Task item
When you reach the line in the listing below that contains "Ronan Chopineaux's profile banner", begin returning lines exactly as written, and stop after the line that contains "High-Sensitivity Troponin I". Return no other lines.

Task input
*** Block opens ***

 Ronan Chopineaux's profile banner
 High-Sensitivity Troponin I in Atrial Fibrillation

*** Block closes ***
*** Block opens ***

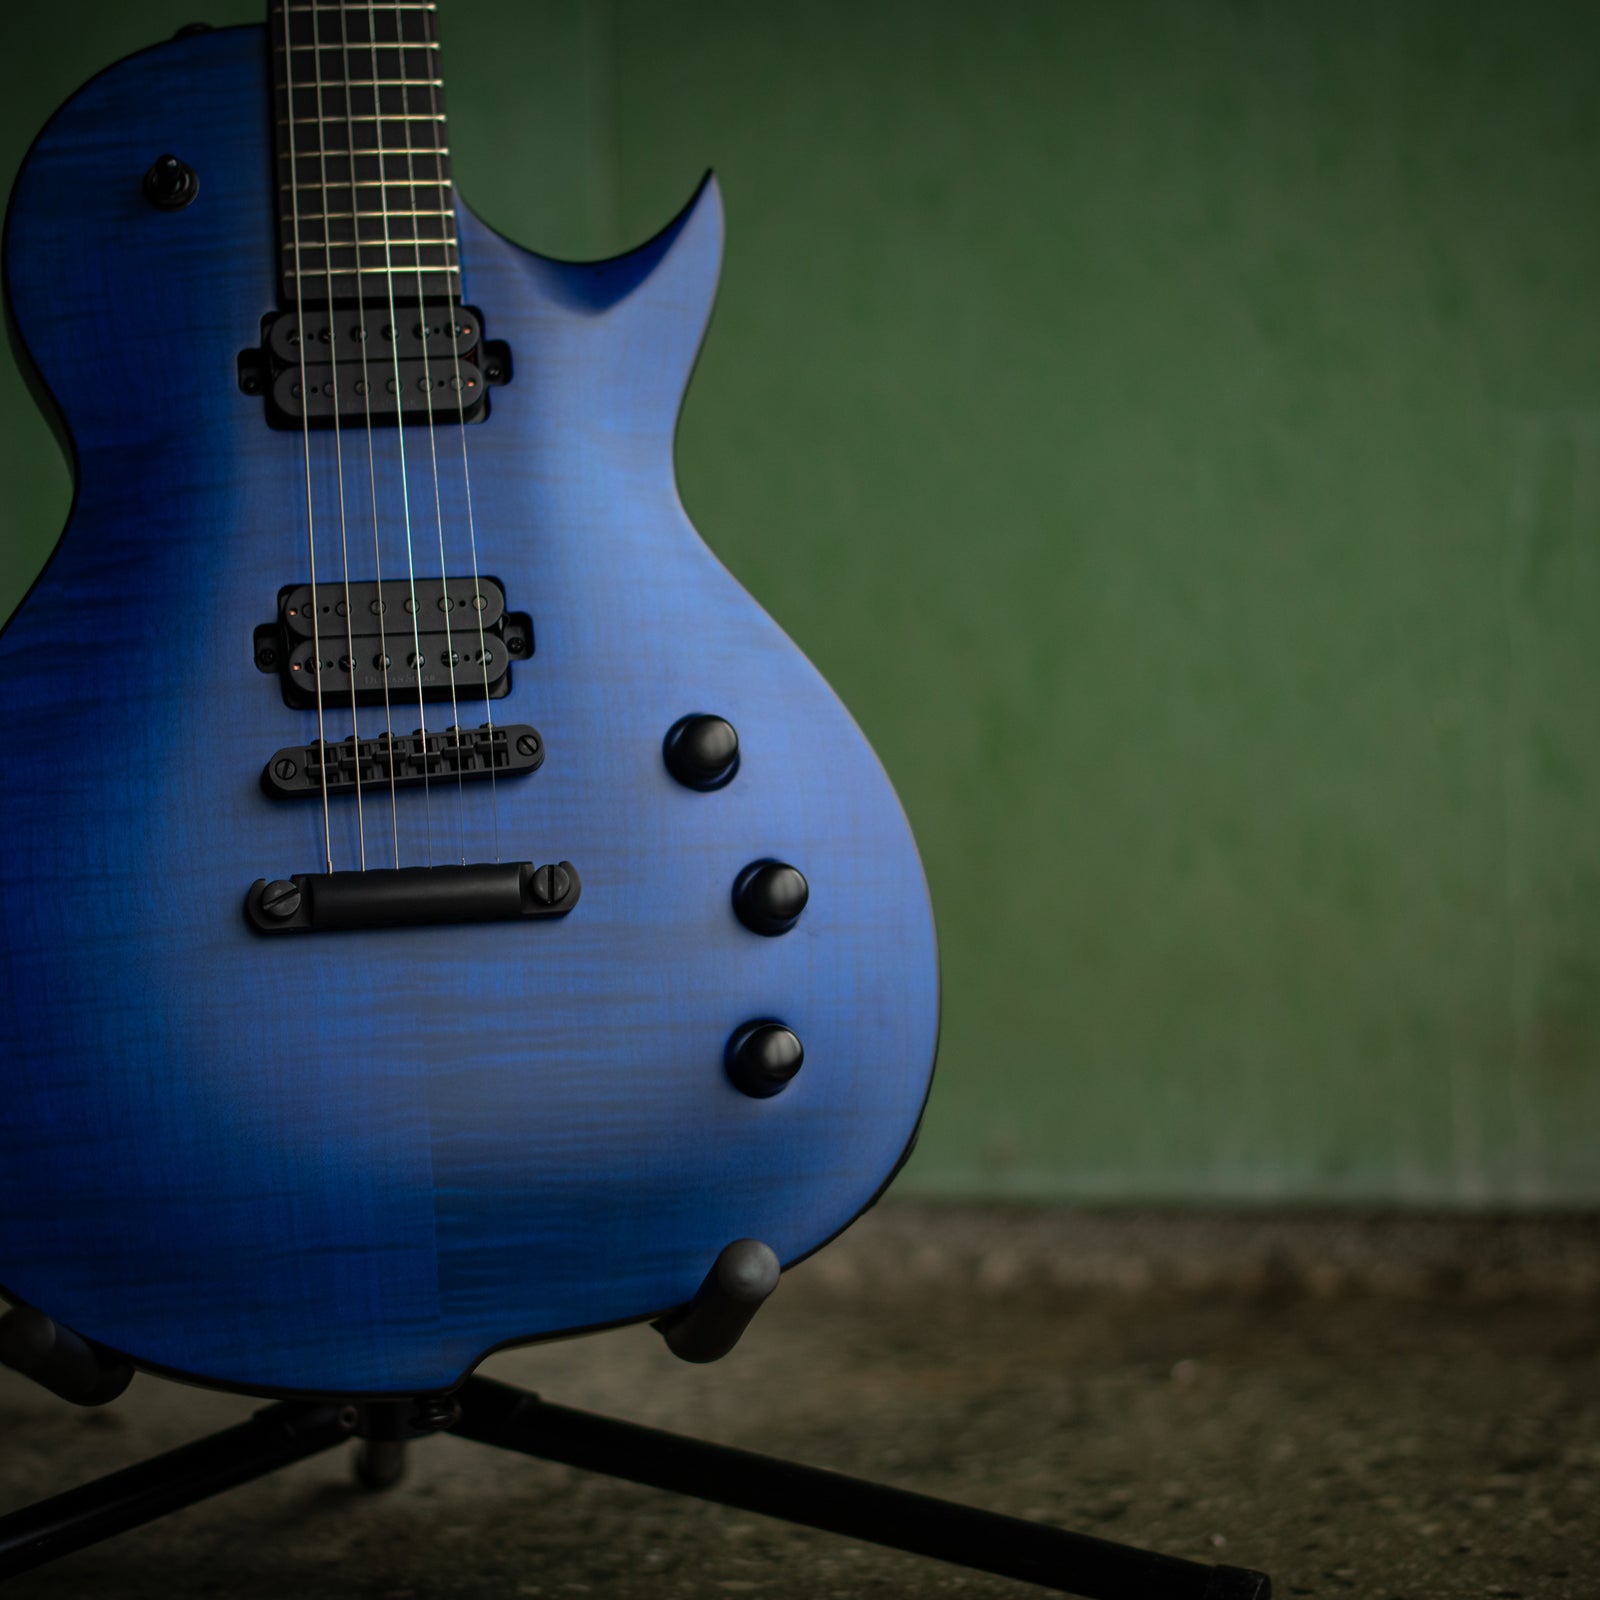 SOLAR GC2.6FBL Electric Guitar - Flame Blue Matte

*** Block closes ***

Exercise response
 Ronan Chopineaux's profile banner
 High-Sensitivity Troponin I in Atrial Fibrillation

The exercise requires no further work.